▶ [Input data]:
= = = = = = =
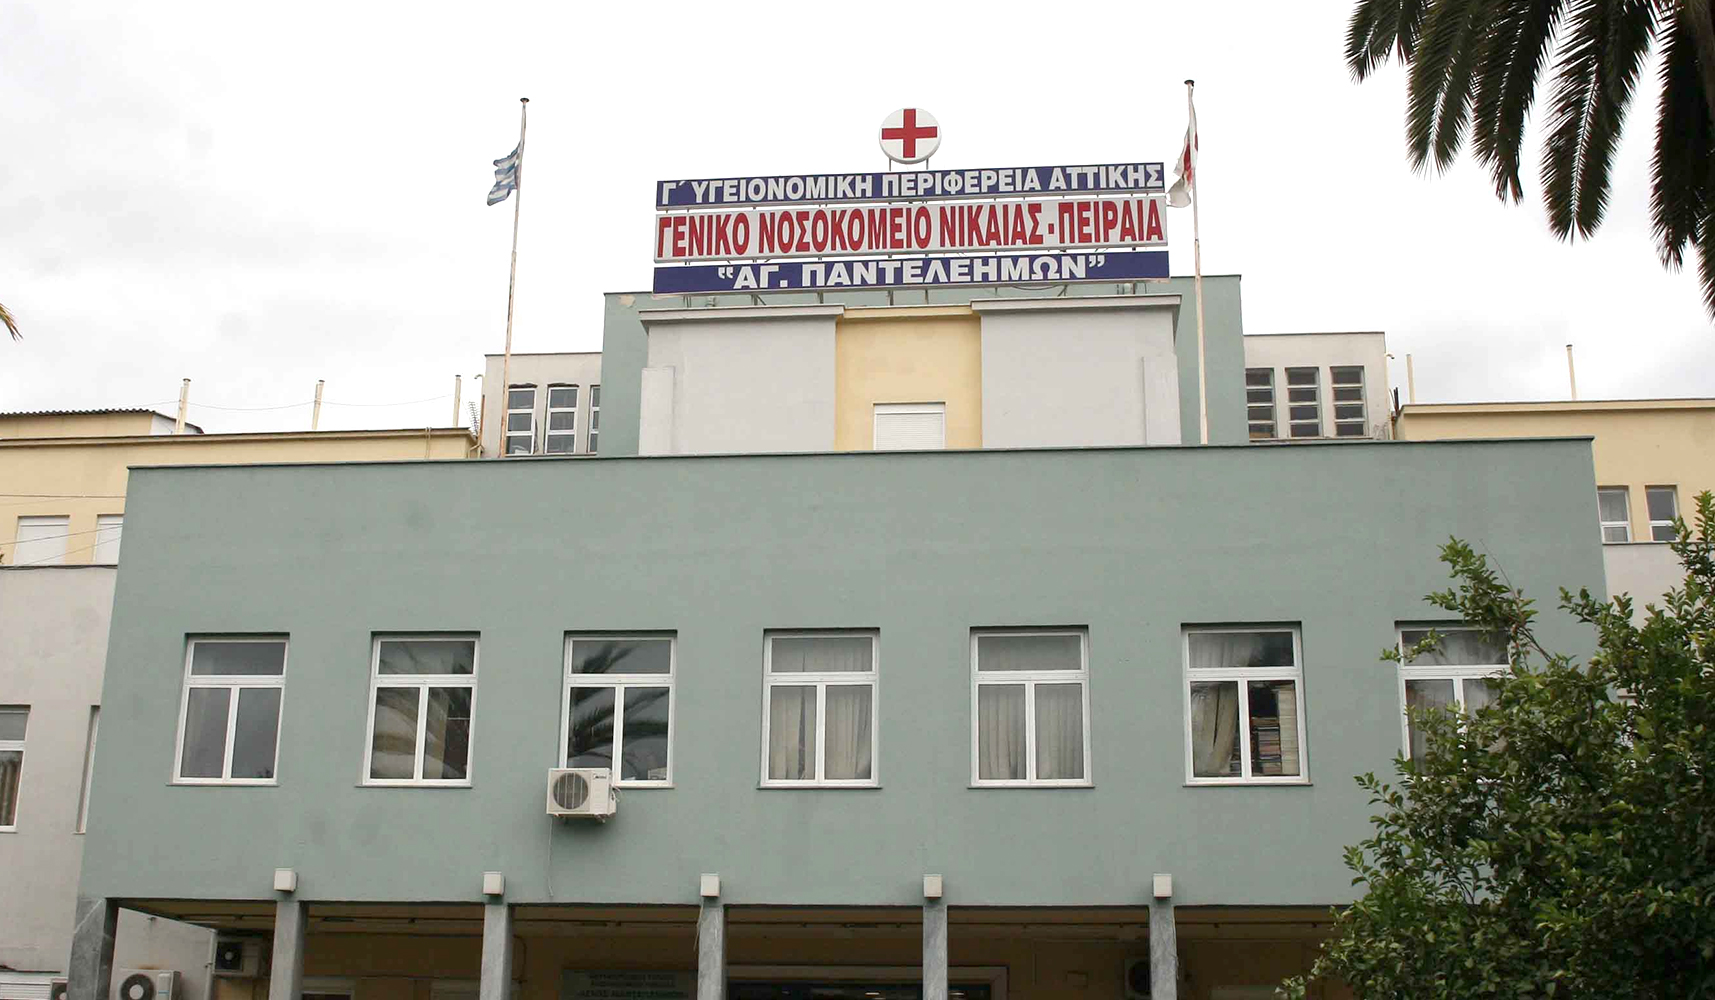 Ηπατολογικό Ιατρείο λειτουργεί στο Νοσοκομείο Νίκαιας
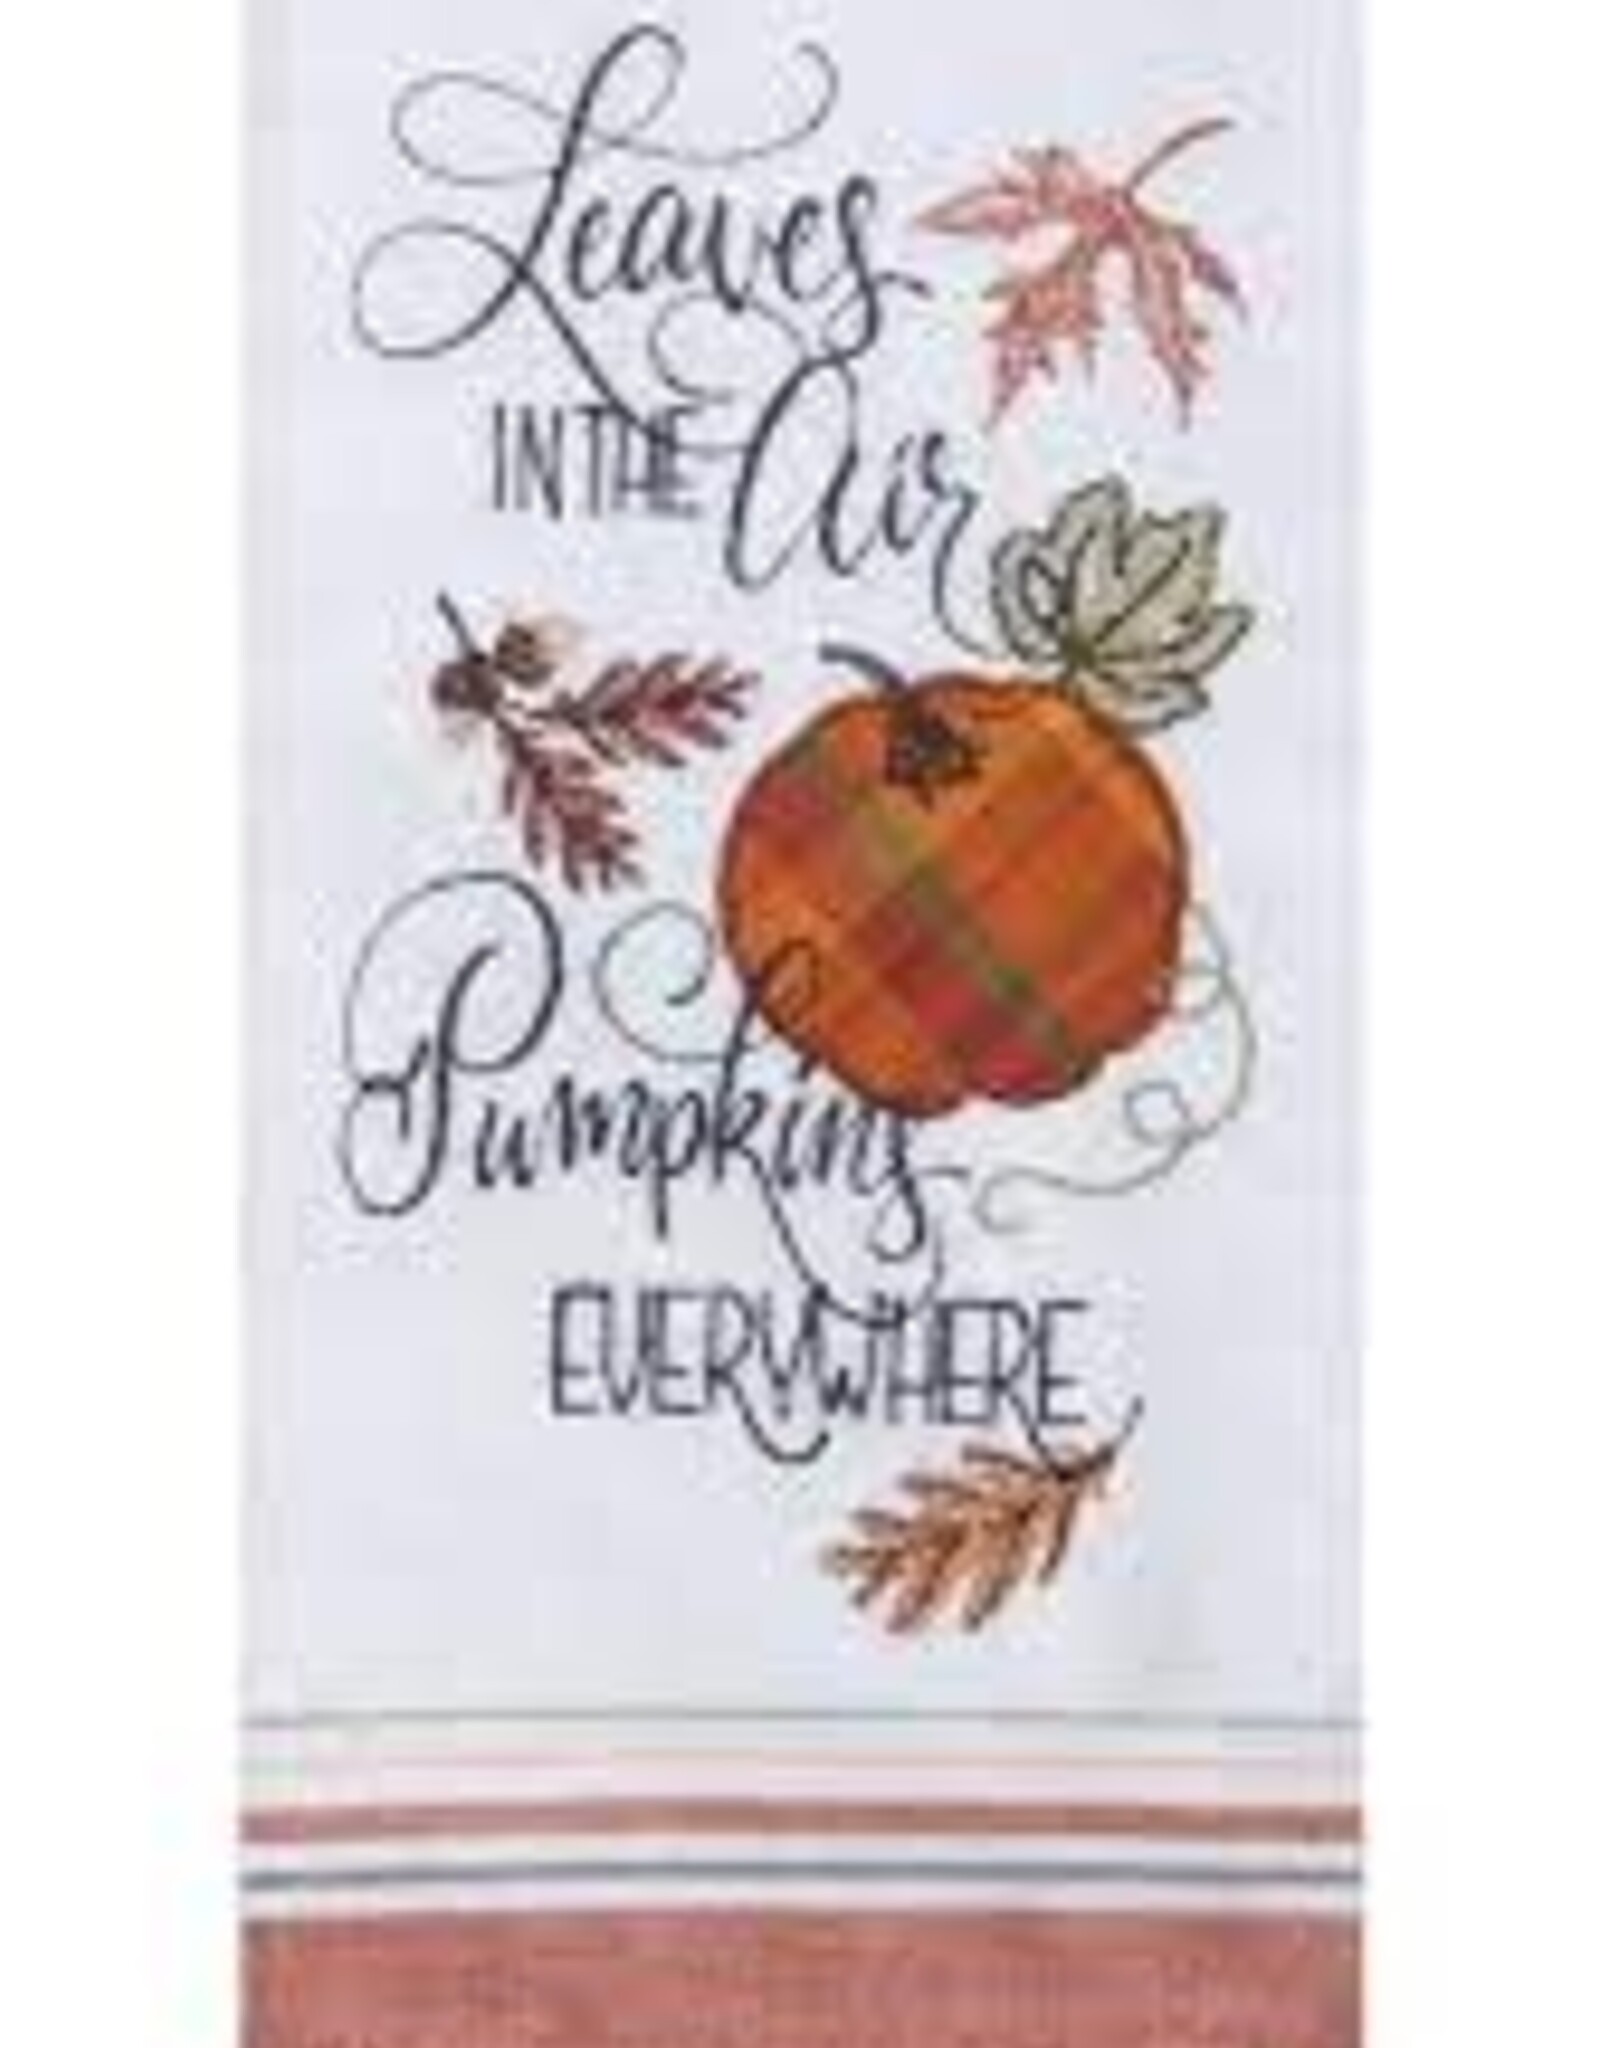 Fall Kay Dee - Leaves in the Air Pumpkins Everywhere Tea Towel
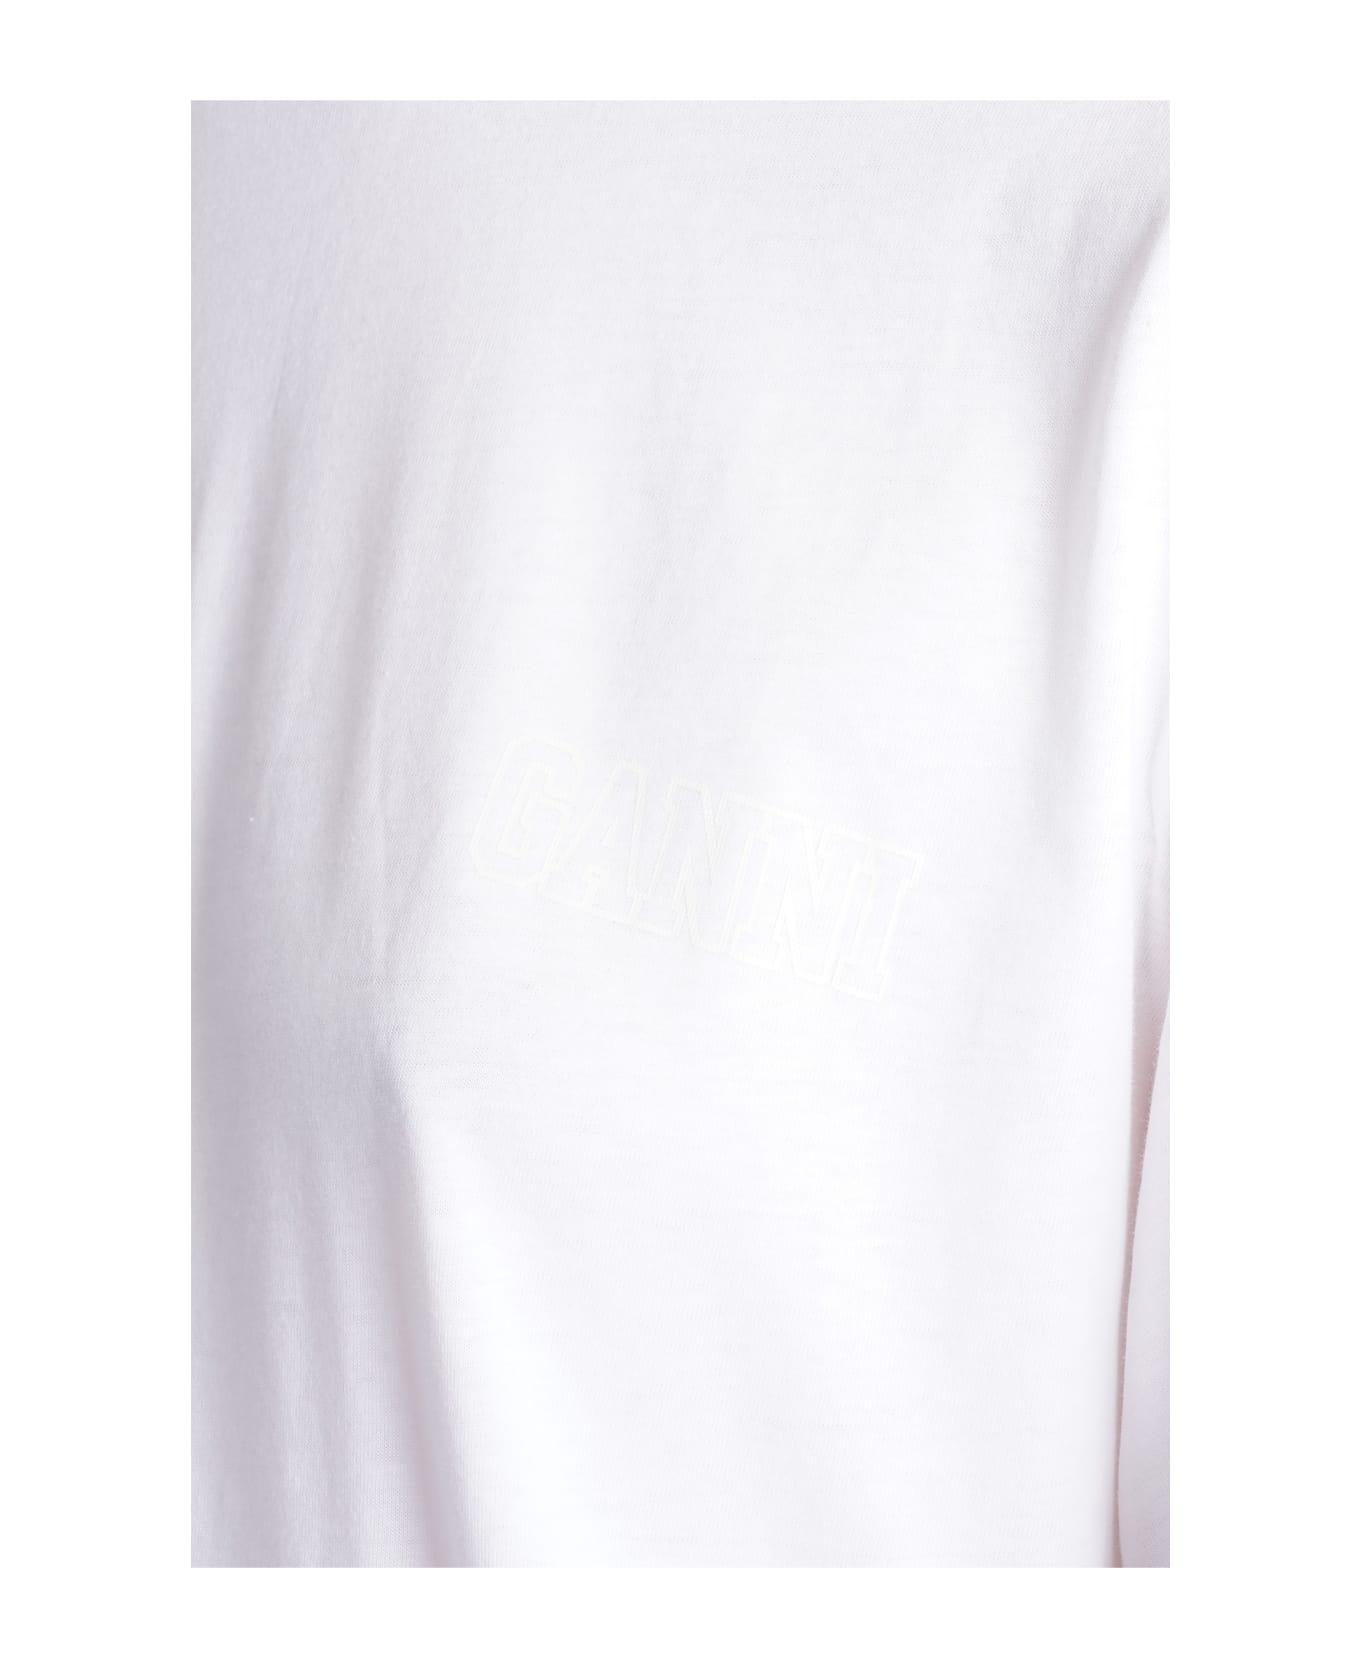 Ganni White Organic Cotton T-shirt - white
= = = = = = =
Pictures aside, print every line of the material exactly.

▶ [Result below]:
 Ηπατολογικό Ιατρείο λειτουργεί στο Νοσοκομείο Νίκαιας
 Fall Kay Dee - Leaves in the Air Pumpkins Everywhere Tea Towel
 Ganni White Organic Cotton T-shirt - white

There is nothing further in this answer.